David B. Irwin

David B. Irwin, an attorney for Edward T. Norris, talks to reporters outside the federal courthouse. He said Norris will "try to pick up the pieces with his family and put this behind him." < (Sun photo by Kenneth K. Lam / March 8, 2004)


Four years after he swept into Baltimore with a zero-tolerance plan for fighting crime and a blunt charm that helped defuse his critics, Edward T. Norris ended his run as one of Maryland's most visible law enforcement figures with a guilty plea yesterday to federal corruption and tax charges.

Norris, 43, pleaded guilty in U.S. District Court in Baltimore to conspiring to misuse money from a supplemental city police fund and lying on tax returns.

The former city police commissioner and Maryland state police superintendent is now a convicted felon and could face up to a year in prison at sentencing, scheduled for June 21.

His attorneys are expected to ask that he receive a sentence of probation or home detention.

The federal charges against Norris grew from an off-the-books police expense account, which court records show Norris used to pay for extramarital encounters with several women and to satisfy an apparent taste for the good life.

His extravagant splurges included shopping trips to Coach and Nordstrom, outings with friends at pricey hotel bars, and steak dinners at Smith & Wollensky in New York and Flemings in the Inner Harbor.

Maryland U.S. Attorney Thomas M. DiBiagio said at a news conference that Norris' conviction was a "reminder of the embedded corruption here, and the emerging resolve not to look the other way."

"We deserve better," DiBiagio said. "We deserve public officials who are both effective and honest. The only way to get from here to there is a policy of zero tolerance [for corruption], backed up by an unyielding commitment and intractable belief that the rules apply to everyone."

In a 14-page statement of facts detailing the case, federal prosecutors said that evidence presented at a trial would have shown that Norris had taken steps to disguise his personal spending as being for legitimate department business and was wary of detection.

After a member of the department's legal office raised concerns about the spending pattern with internal affairs, Norris complained that the employee had "gone outside the family," according to court records.

When Norris worried that surveillance cameras at the Hyatt Hotel in downtown Baltimore could have captured him going into a hotel room with an unidentified woman in December 2001, Norris' then-chief of staff John Stendrini and another department employee went to the hotel to look for video cameras, the court papers show.

Stendrini was charged along with Norris in a federal indictment in December and is scheduled to stand trial in June.

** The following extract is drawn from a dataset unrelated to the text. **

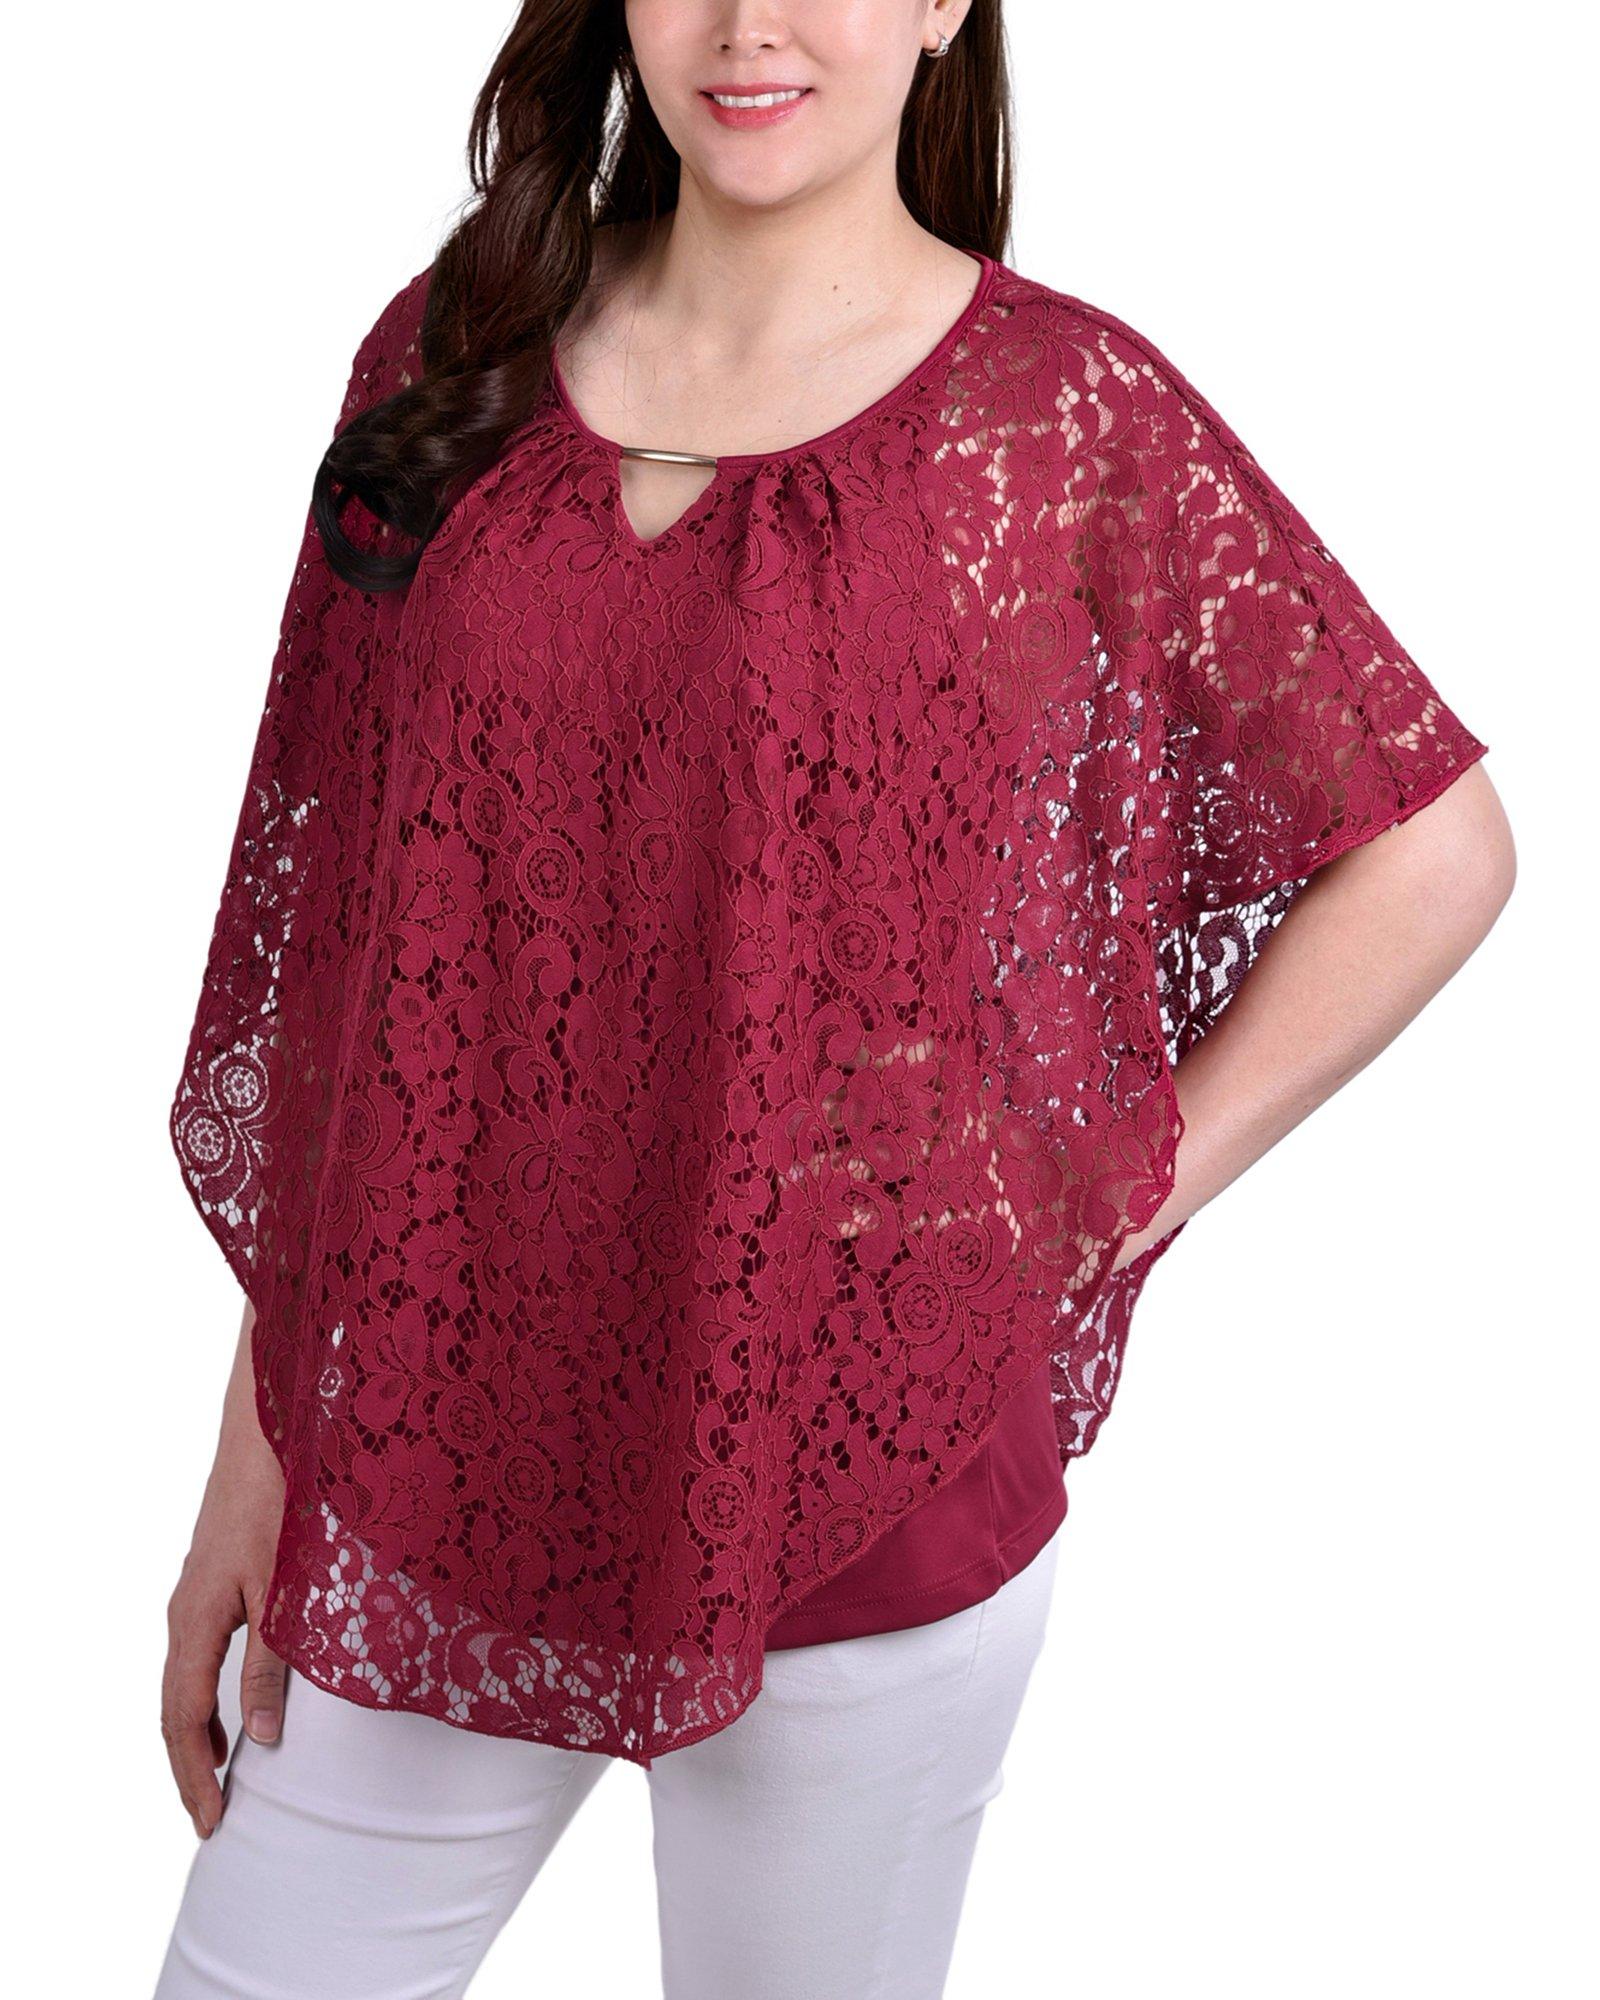 NY Collection Womens Lace Poncho & Tank Top

His attorney did not return a phone call yesterday seeking comment.

In court, lawyers representing Norris said that if his case had gone to trial they would have disputed some of the government's allegations, which listed 34 instances of improper activity or spending by Norris in connection to the supplemental police account, originally created as a Depression-era charity fund.

But defense attorney David B. Irwin said the disagreements were minor and did not change the outcome of the case.

Without his wife

Norris came to court yesterday without his wife, Kathryn Norris, who accompanied him in earlier appearances. He escaped cameras by entering the courthouse through an underground garage, a courtesy not generally extended to criminal defendants. He declined to talk to reporters inside the courtroom.

Norris stood stiffly throughout the half-hour court hearing, his hands folded in front of him, and said little beyond answering questions from U.S. District Judge Richard D. Bennett about whether he understood the charges against him, his possible punishment and the implications of his felony conviction.

"Did you in fact commit the offenses as summarized by the government?" Bennett asked Norris at one point.

"As summarized," Norris replied.

Asked by Bennett what his plea was to the conspiracy charge and to the tax violation, Norris answered twice in a low voice, "Guilty."